* [Data block]

━━━━━━━━━━━━━━━━

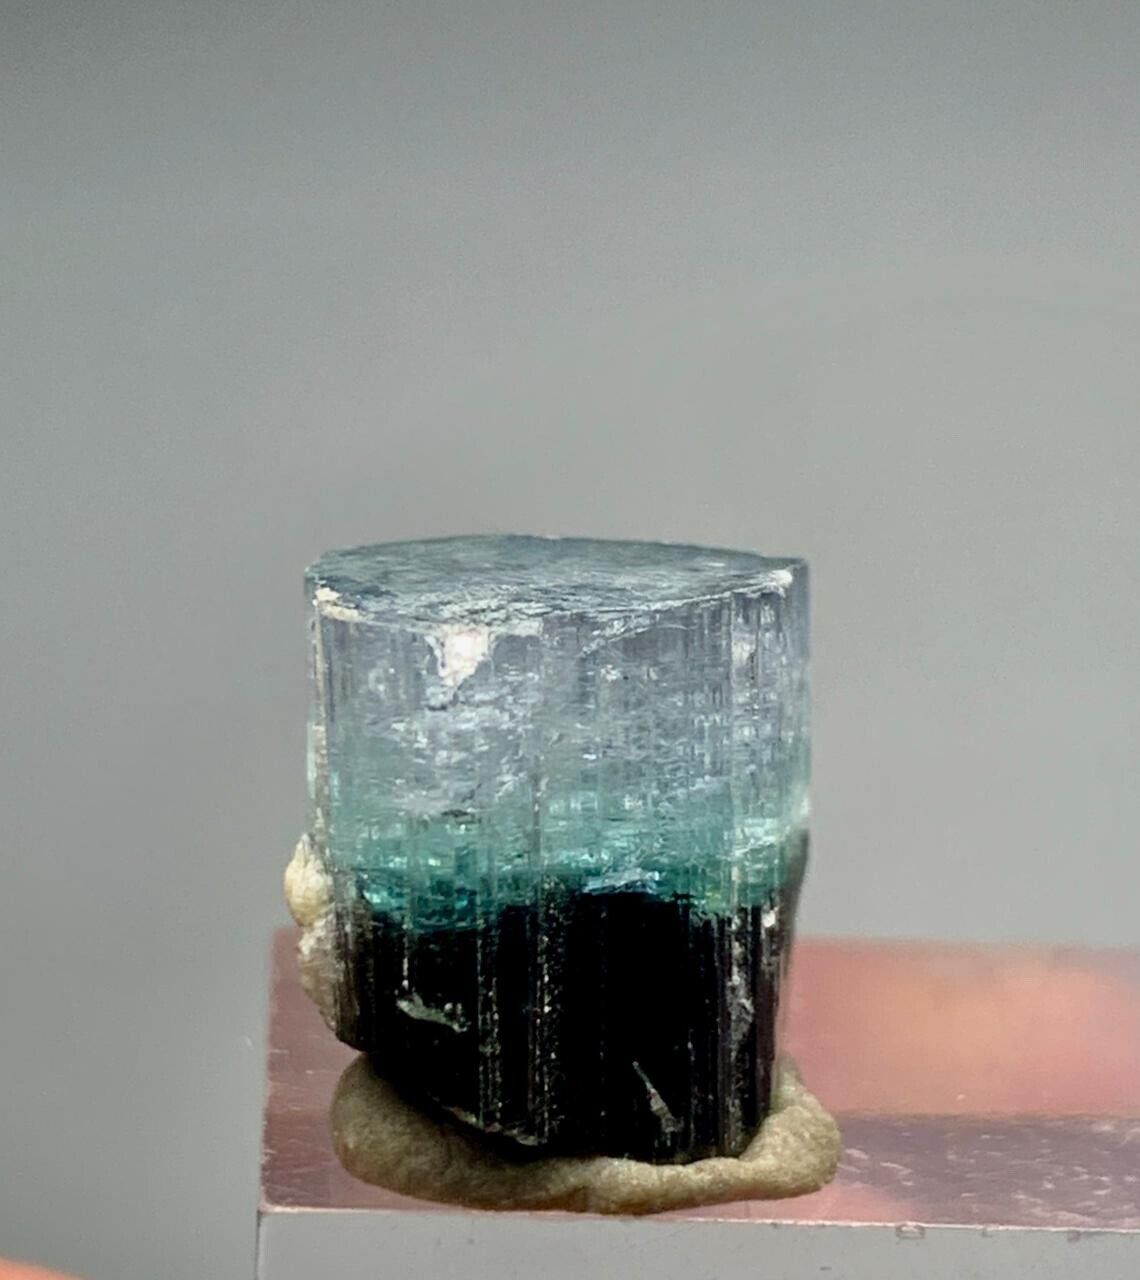 13 Cts Blue cap Tourmaline Crystal From Pakistan
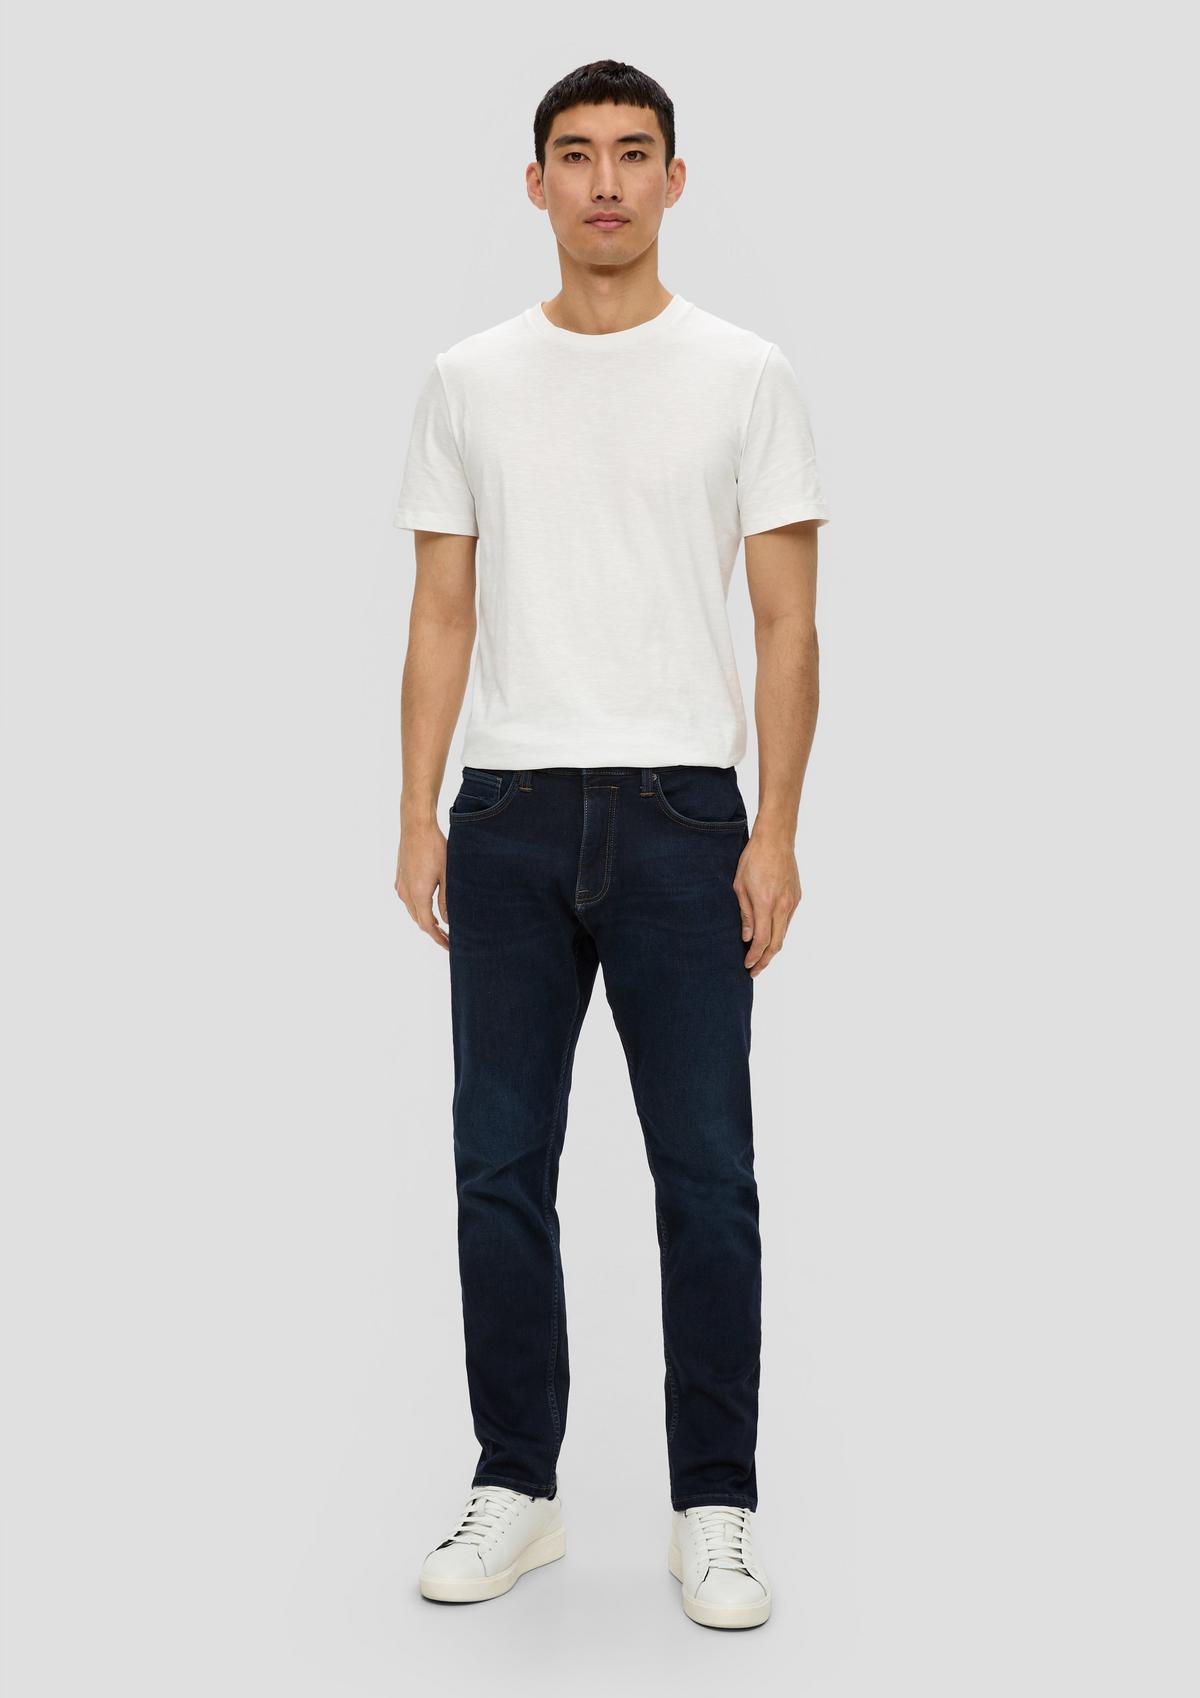 s.Oliver Jeans / Regular Fit / Mid Rise / Tapered Leg
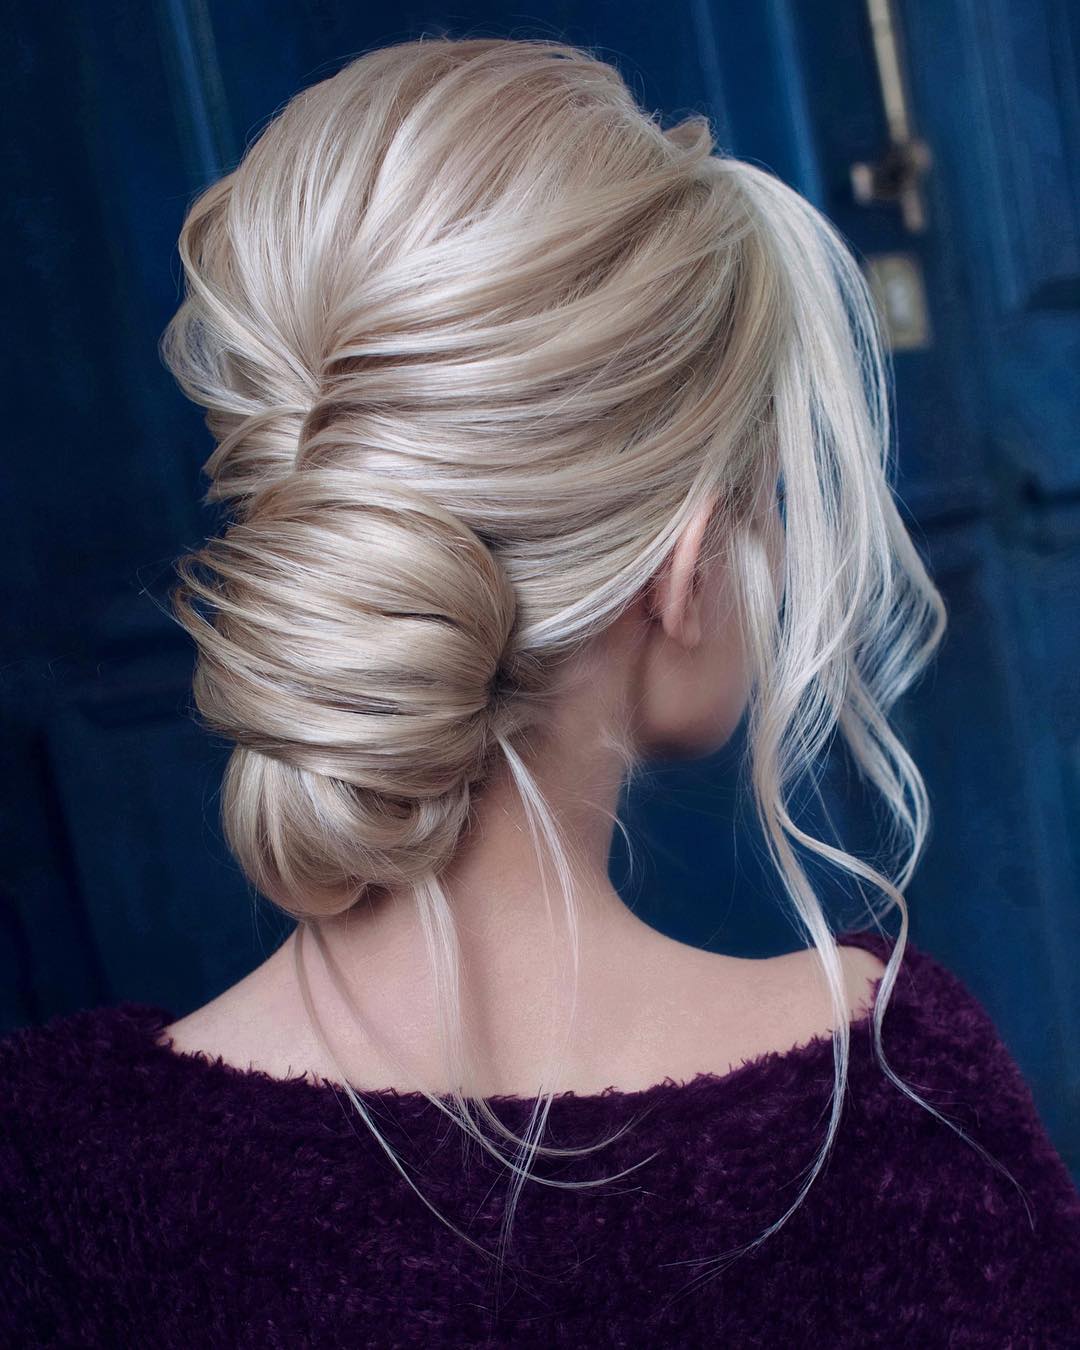 10 Updos for Medium Length Hair - Prom & Homecoming Hairstyle Ideas 2021

━━━━━━━━━━━━━━━━

Where a picture appears in the listing above, skip it and set down all the rest exactly.

 13 Cts Blue cap Tourmaline Crystal From Pakistan
 s.Oliver Jeans / Regular Fit / Mid Rise / Tapered Leg
 10 Updos for Medium Length Hair - Prom & Homecoming Hairstyle Ideas 2021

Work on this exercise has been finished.